According to the press service of the General Staff of the Estonian Defense Forces, they will replace the German Eurofighter Typhoon fighters in rotation.

The rotation ceremony for NATO’s Baltic Air Security Mission will take place on Monday at Amari Air Force Base. The ceremony will be attended by Estonian Defense Minister Kalle Laanet and Italian Deputy Defense Minister Giorgio Mule.

Airspace Secured: Italian F-35 Fighter Jets Arrive In Estonia To Guard The Baltics

Click to see full-size image

Fighters of the 13th Air Group of the Italian Air Force will be on duty around the clock. Their tasks include intercepting air targets for their identification and tracking, as well as training flights. Before that, Italian pilots were on duty in Estonia in 2018.
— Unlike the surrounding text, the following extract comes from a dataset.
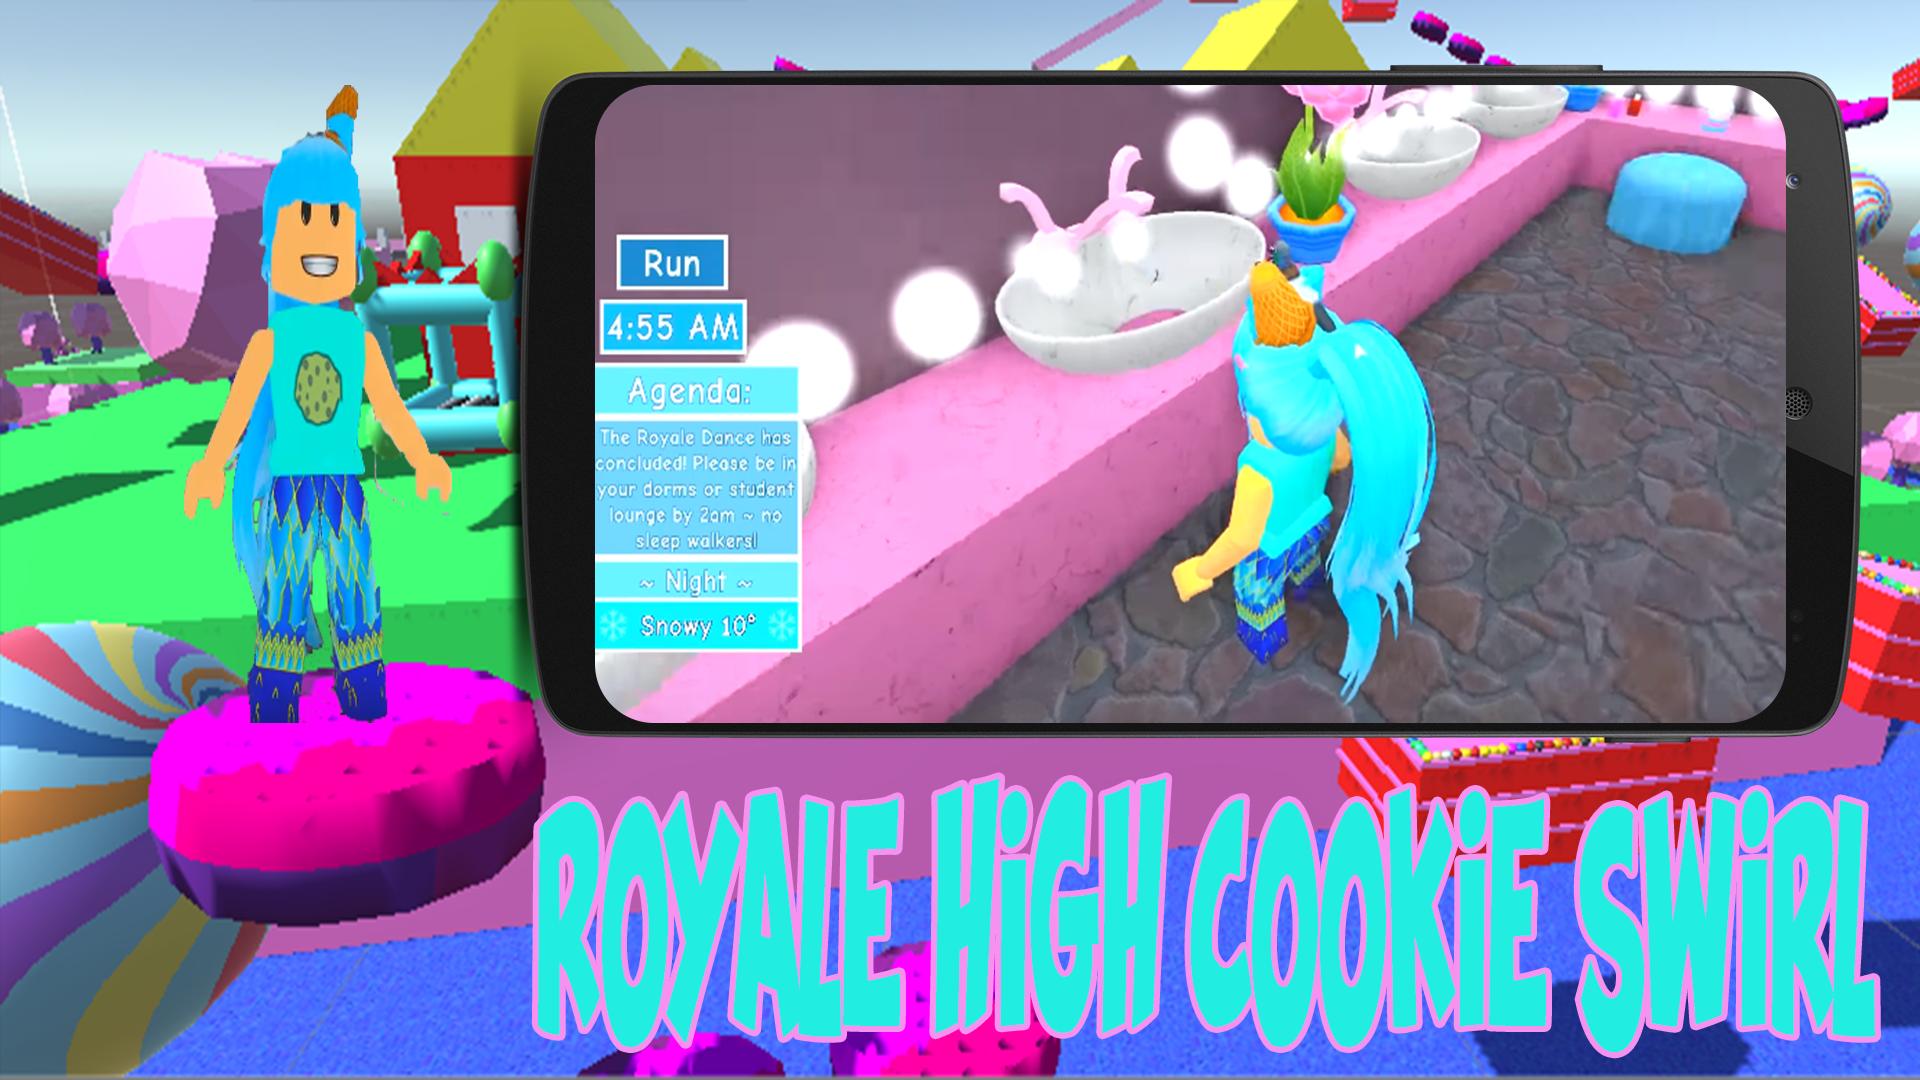 Royale High Cookie Swirl Roblox S Obby For Android Apk Download - juego roblox royale high

According to the decision of the North Atlantic Council, the air forces of NATO member states have been guarding the airspace of Estonia, Latvia and Lithuania since March 29, 2004, when the Baltic states became NATO members. At the 2012 Chicago summit, the North Atlantic Council extended the Baltic air security mission indefinitely.

The fifth generation F-35 fighters were created as part of the most expensive weapons development program in the history of mankind. They are capable of flying at speeds in excess of 1900 km / h and are equipped with four-chamber Gatling 25 mm GAU-22/A automatic cannons, air-to-air missiles and guided air-to-ground bombs, which can be both inside and and outside the fuselage. They are able to carry out the tasks of a fighter, a reconnaissance aircraft, and also strike at ground targets.

The F-35 fighter jet is an impressive aircraft, if its electronics work and it doesn’t shoot itself with its own Gatling gun.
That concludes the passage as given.